Os fins das crises são momentos de merecida celebração e mesmo excessos. Temos de ser compreensivos com os cidadãos e os vários níveis de poder que se entretêm em festas e eventos. Vale a pena celebrar as efemérides positivas, mas também o fim das coisas más. Contudo, muitas tragédias desnecessárias ocorrem nas viagens do final das festas.

Há um lado cíclico em todas as crises. Pelo menos naquelas que não destroem as sociedades e os Estados.

A celebração do fim das crises pela sociedade é saudável e ajuda a fazer a catarse dos anos de pedra. As crises na sociedade são sempre assimétricas, pelo que haverá sempre alguns oportunistas que beneficiam com elas. Algumas das maiores empresas mundiais são o fruto de grandes crises.

As sociedades estão esgotadas, mas potencialmente otimistas. E os líderes que estiverem no poder nessa altura terão um terreno invulgarmente aberto para tentar implementar as suas ideias. É por isso crucial que esses líderes circunstanciais tenham um sentido de bem comum e as ideias certas. Isso é verdade a nível dos países, mas também é verdade a nível de empresas e instituições. Há uma oportunidade para refazer regras e rotinas.

A aversão à mudança é em geral menor porque a maioria quer deixar a memória da crise para trás e participar no esforço de reconstrução.

Como o sistema de controlo institucional está também fragilizado há uma maior tendência para mudanças revolucionárias e transformadoras aproveitando o poder acrescido de quem está sentado na cadeira do poder. E como há uma sede de ação e reconstrução, há um apoio acrítico das novas iniciativas.

As ideologias no poder têm assim um momento único para deixar a sua marca de forma duradoura. Mas a crise atual alterou de forma significativa a estrutura de poder na maioria das organizações. Pelo que há novos poderosos que escapam ao escrutínio habitual da sociedade e das organizações.
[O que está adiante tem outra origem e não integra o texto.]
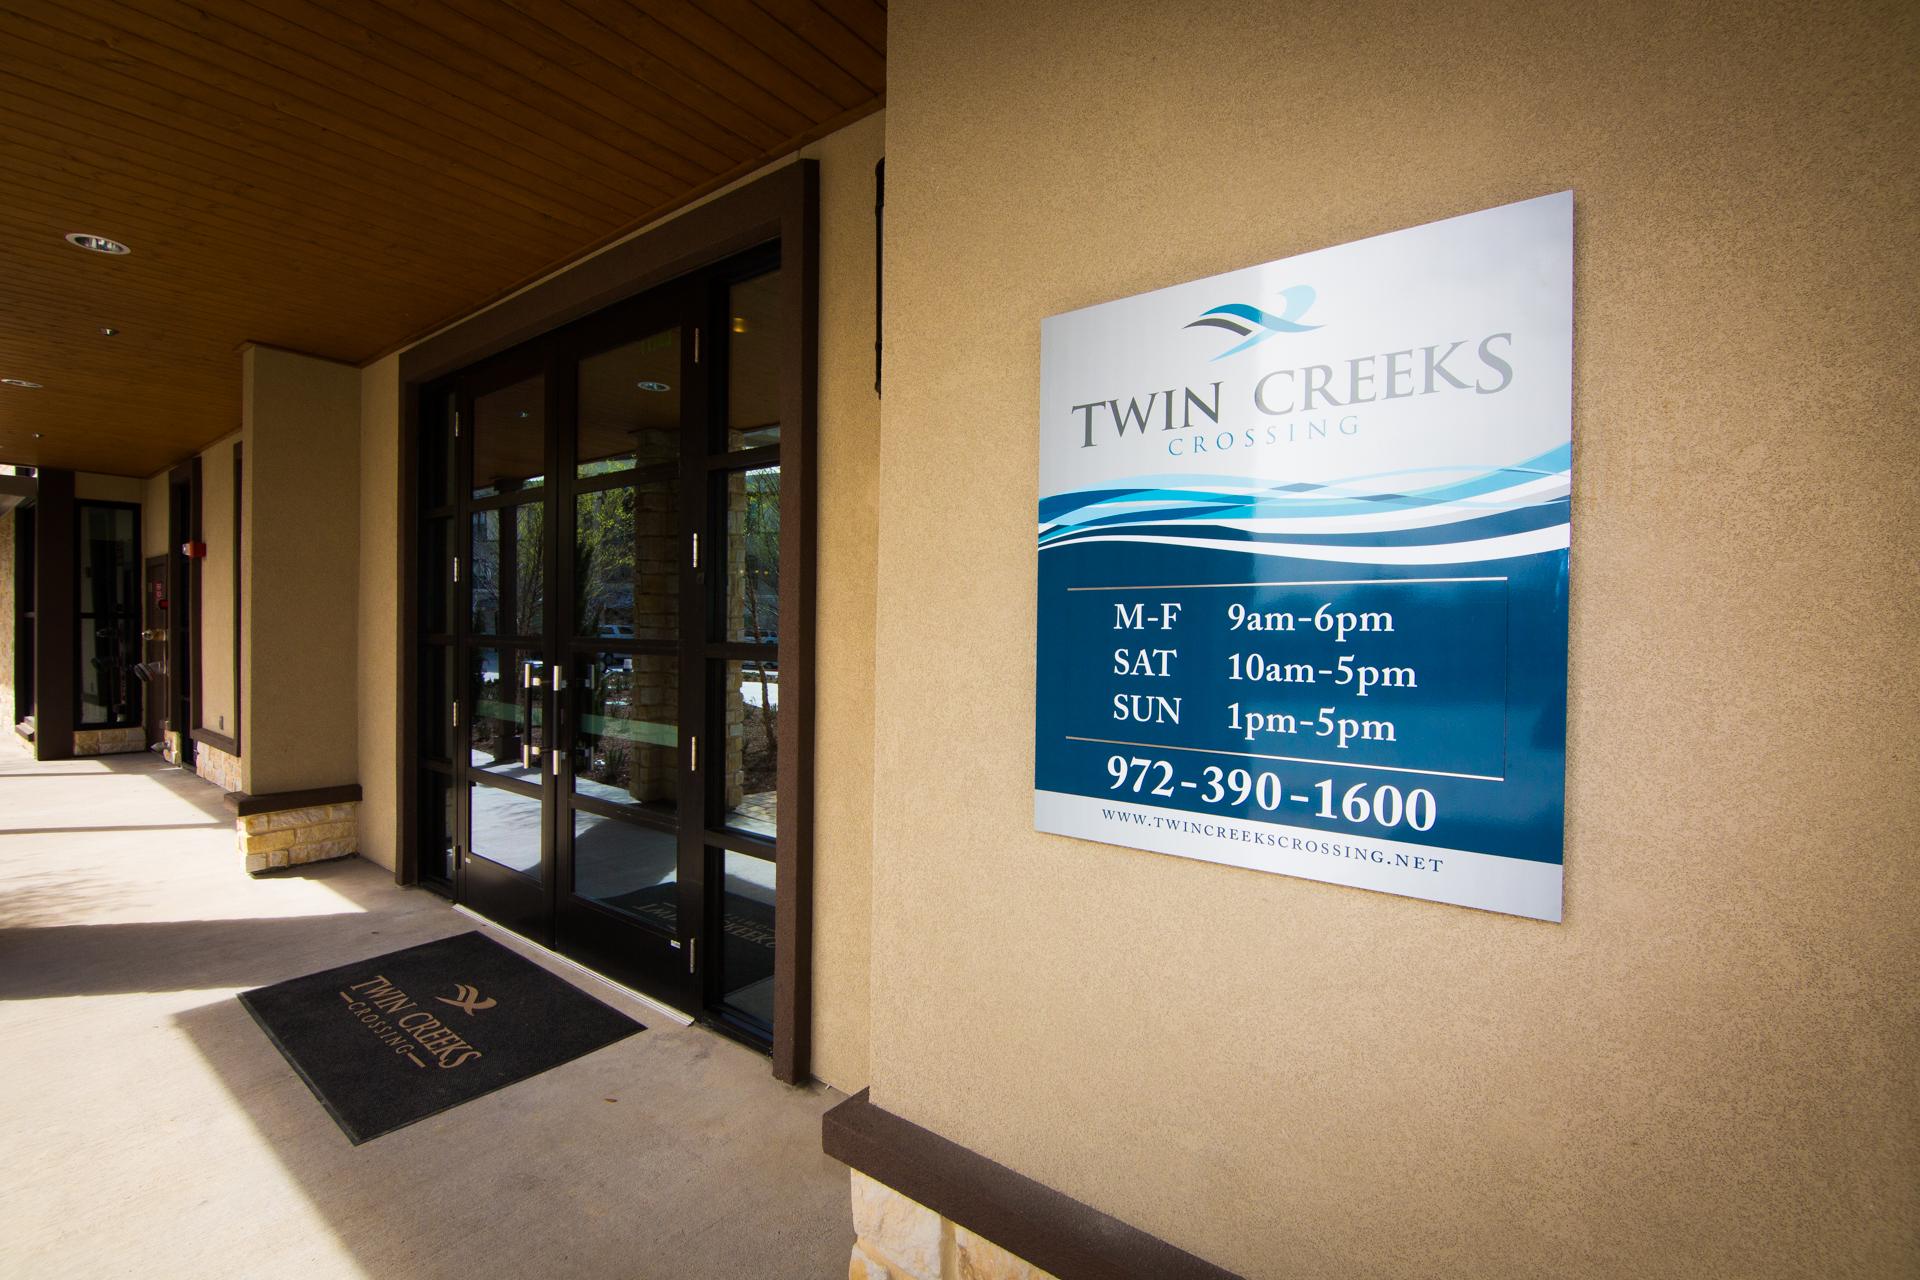 2015-03-26-Twin Creeks Apartments web-7.jpg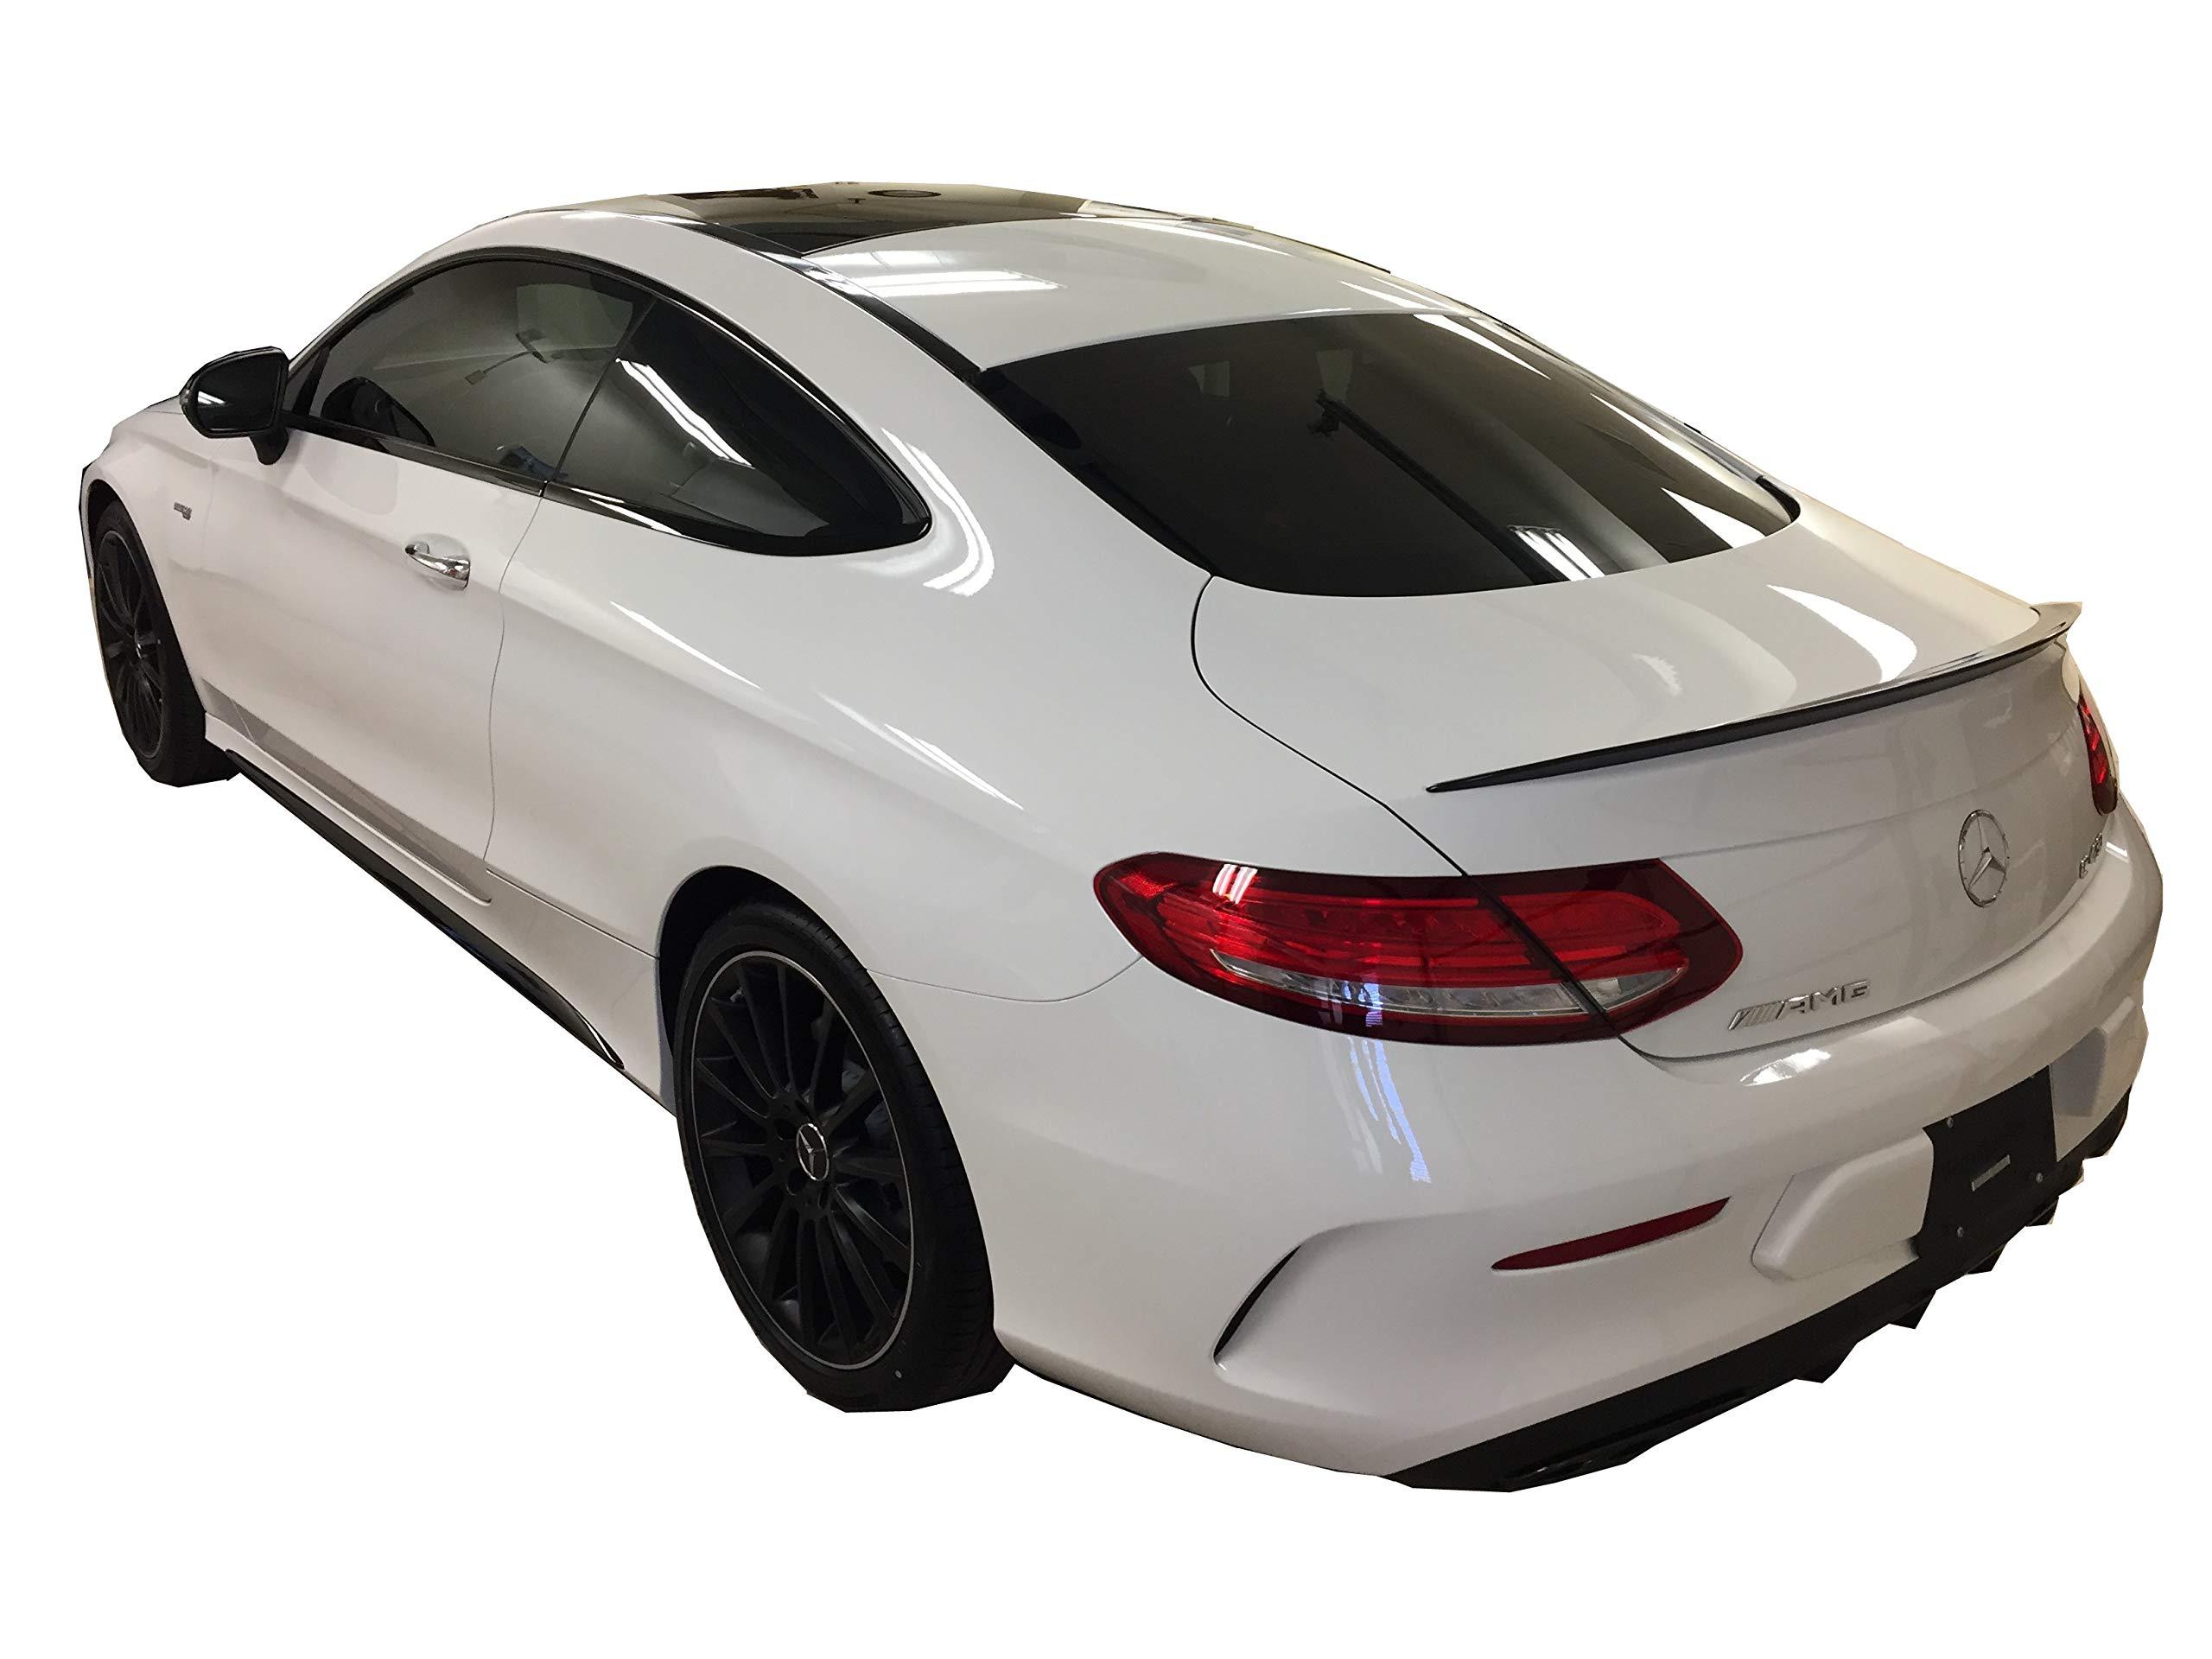 LEXEN 2Ply Premium Carbon 20'' X 100FT Roll Window Tint Film Auto Car (5% Limo (Darkest Shade)) by LEXEN (Image #7)

Tudo indica que em Portugal as instituições de poder pós-pandemia serão as mesmas do pré-pandemia. O principal risco é, assim, que o Governo aproveite a fragilidade da sociedade para avançar com o seu projeto ideológico. O Programa de Recuperação e Resiliência parece ser o instrumento que o Governo usará para selecionar vencedores e vencidos na sociedade. O controlo a esse programa não virá da sociedade civil – que quererá participar nos seus benefícios abraçando os valores sociais dominantes.

Na Alemanha, pelo contrário, haverá uma mudança de liderança neste outono com o fim do consulado de Angela Merkel. A nova liderança também encontrará uma sociedade alemã cansada e disposta a apoiar mudanças e reconstrução. Será normal que se vire mais para dentro, para os esforços internos, ou para os grandes temas internacionais. Em particular não terá necessariamente a mesma paciência ou interesse para com os projetos políticos de países como Portugal.

Desde a crise financeira de 2007 que a liderança da União tem sido exercida de facto pela chanceler Angela Merkel. Desde essa altura que ela é a líder prestigiada e influente quer na Europa quer entre as democracias desenvolvidas do mundo. A sua saída deixará um vazio que o seu sucessor não conseguirá ocupar depressa.

Vários líderes de outros países europeus tentarão ocupar esse vazio, mas dificilmente o conseguirão. A fragmentação e os grupúsculos de afinidades regionais ou ideológicos terão uma certa oportunidade de prosperar.

Portugal terá de viver pela primeira vez com o euro, uma dívida elevada, e uma União Europeia sem líder. As consequências desse cenário são mais difíceis de antecipar e recomendariam prudência a Portugal na gestão dos projetos públicos. Não seria a primeira vez que um Governo português interpretou erradamente as orientações de política económica vindas da União Europeia. Mas seria a primeira vez que o faria com um governo alemão menos experiente e prestigiado.

Os fins das crises são momentos de merecida celebração e mesmo excessos. Temos de ser compreensivos com os cidadãos e os vários níveis de poder que se entretêm em festas e eventos. Vale a pena celebrar as efemérides positivas, mas também o fim das coisas más. Contudo, muitas tragédias desnecessárias ocorrem nas viagens do final das festas.